Is it not time that English people at last learnt the truth? Is it not time they
were reminded that for the sixty-five hostages shot, not by the Commune, but by
a few people made mad by the massacre of prisoners by the Versaillese, the
troops of law and order shot down thirty thousand men, women, and children, for
the most part long after all fighting had ceased? If any Englishman, after
reading Lissagaray’s History of the Commune, still has any
doubt as to what the “atrocities” of the Commune really were, he should turn
to the Parisian correspondence for May and June, 1871, of the Times, Daily
News, and Standard.
There
he can learn what kind of “order reigned in Paris” after the glorious
victory of Versailles.
Nor
is it enough that we should be clear as to the “atrocities” of the Commune.
It is time people understood the true meaning of this Revolution; and this can
be summed up in a few words. It meant the government of the people by the
people. It was the first attempt of the proletariat to govern itself. The
workers of Paris expressed this when in their first manifesto they declared they
“understood it was their imperious duty and their absolute right to render
themselves masters of their own destinies by seizing upon governmental power”.

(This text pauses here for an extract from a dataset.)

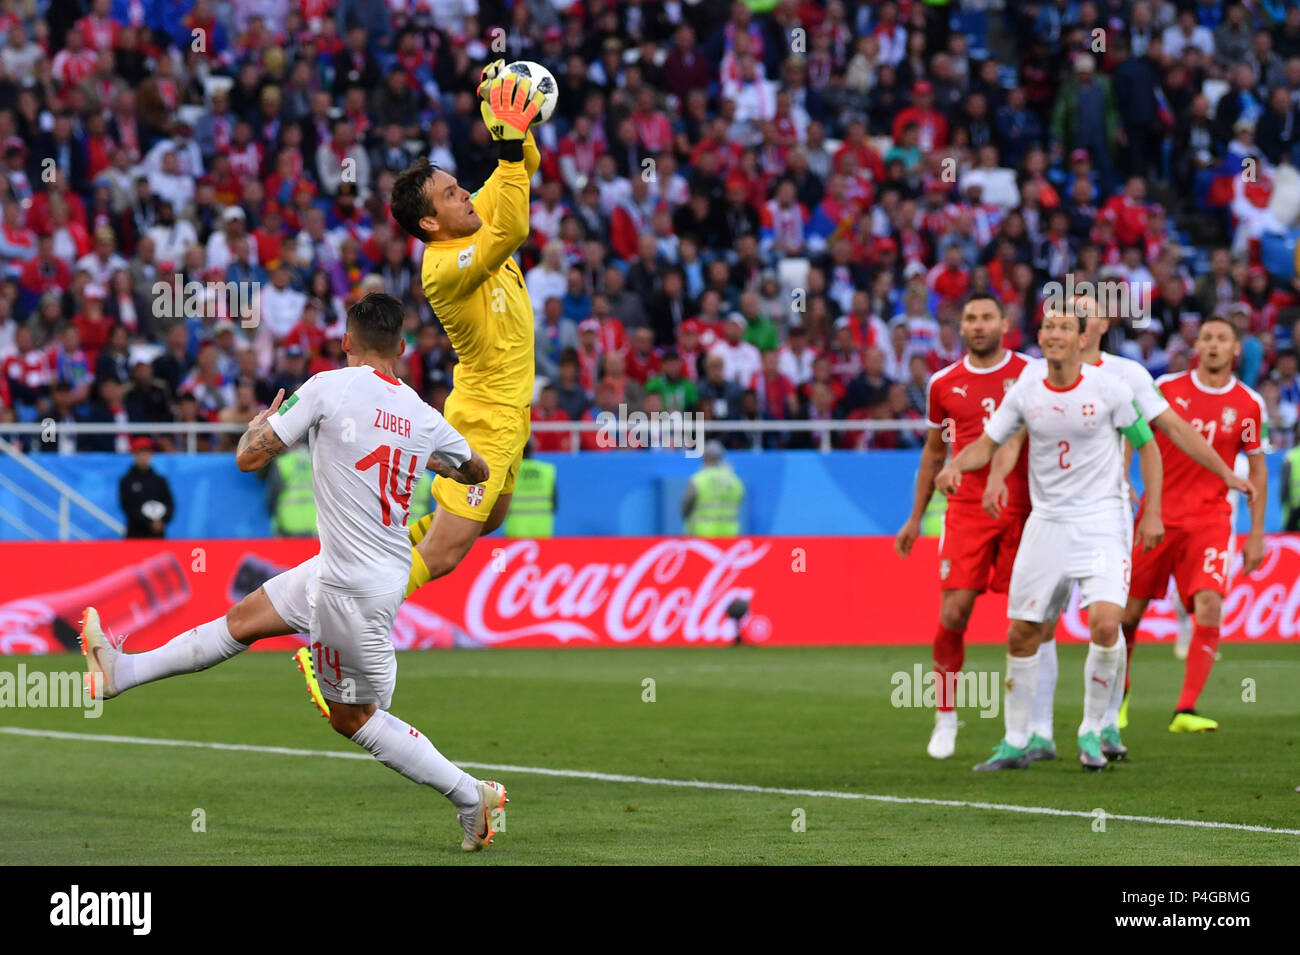 Kaliningrad, Russia. 22nd June, 2018. Serbia's goalkeeper Vladimir Stojkovic (2nd L) defends during the 2018 FIFA World Cup Group E match between Switzerland and Serbia in Kaliningrad, Russia, June 22, 2018. Credit: Chen Cheng/Xinhua/Alamy Live News Stock Photo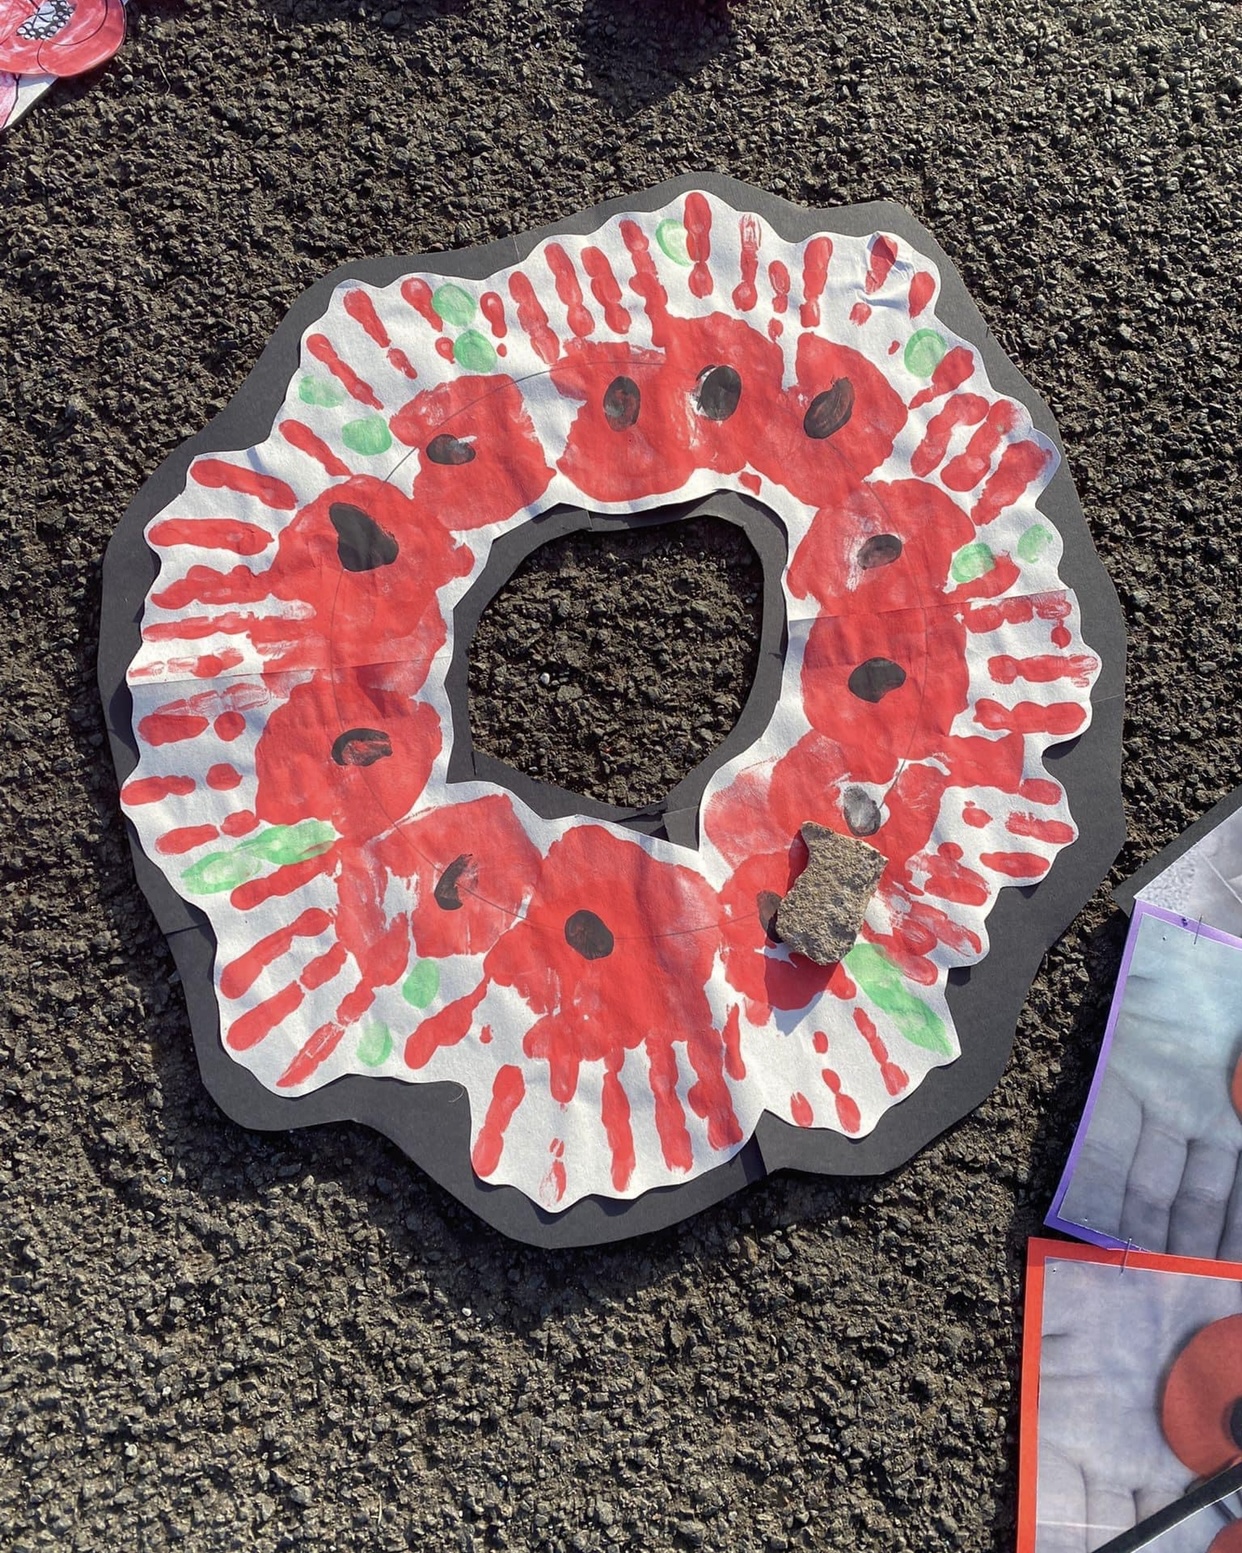 A wreath made by the children

The establishment of the Commune meant not the replacing of one form of class
rule by another, but the abolishing of all class rule. It meant the substitution
of true co-operative, i.e., communist, for capitalistic production, and the
participation in this Revolution of workers of all countries meant the
internationalizing, not only the nationalising, of the, land and of private
property.
And
the same men who now cry out against the use of force used force — and what
force! — to vanquish the people of Paris. Those who denounce Socialists as
mere firebrands and dynamitards used fire and sword to crush the people into
submission.
And
what has been the result of these massacres, of this slaying of thousands of
men, women, and children? Is Socialism dead? Was it drowned in the blood of the
people of Paris? Socialism today is a greater power than it has ever been. The
bourgeois Republic of France may join hands with the Autocrat of Russia to blot
it out; Bismarck may pass repressive laws, and democratic America may follow in
his wake — and still it moves! And because Socialism is today a power, because
in England even it is “in the air”, the time has come for doing justice to
the Commune of Paris. The time has come when even the opponents of Socialism
will read, at least with patience if not with sympathy, an honest and truthful
account of the greatest Socialist movement — thus far — of the century.